Page from RO 17 for 29 October 1940
Page from the War Diary for 28 October 1940

Greenway Court

Greenway Court. The bomb crater and damage

Burial at Maidstone Cemetery

The village of Hollingbourne is a few miles NE of Maidstone. At the rear of the General Cemetery is a Commonwealth War Graves section, where Ian HOLMS and several other New Zealanders are buried. With war graves, the CWGC often relocated burials after the war, moving bodies from where they had been buried into a new, purpose built cemetery. This was usually the case for burials near the front line. However in Ian Homs' case, it appears that he was buried at Maidstone at the time of his death. Today the CWGC Section is neat and well tended, a fitting tribute to the New Zealanders and other soldiers buried there.
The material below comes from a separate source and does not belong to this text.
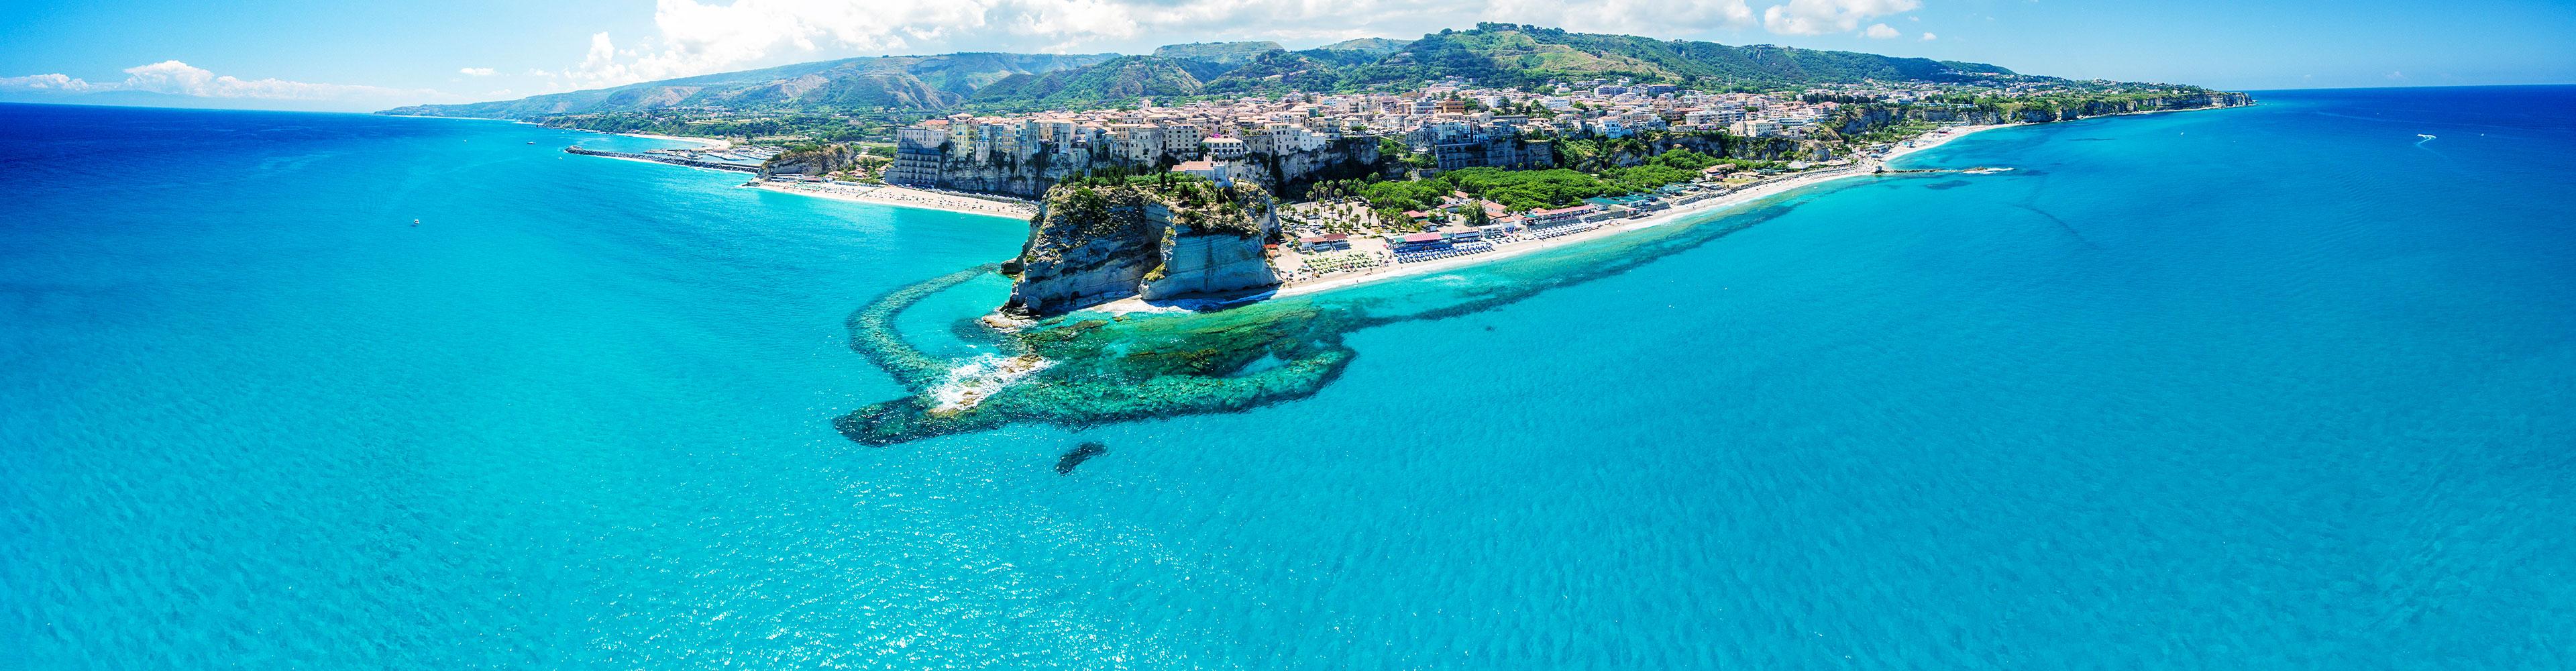 Highlights of Calabria & Sicily

In October 1940, Ian's younger brother, SGT Bob HOLMS of the Divisional Cavalry, was stationed nearby and he was able to attend Ian's burial. He took photos of the service which he sent home to their parents.


The graveside service for Private Ian Holms at Maidstone
(Click on the image for the larger version)

The original cross marking the grave of Pvt HOLMS.

Maidstone Cemetery today


The map of Maidstone Cemetery. the Commonwealth War Graves section, labelled CC, is in the rear.
(click on photo for larger version)

General view of the War Graves, Section CC.

The Cross of Sacrifice at Maidstone Cemetery. Note the flax bushes amongst the NZ headstones.

Row of NZ headstones (with red poppies). The closest headstone is that of Private Holms.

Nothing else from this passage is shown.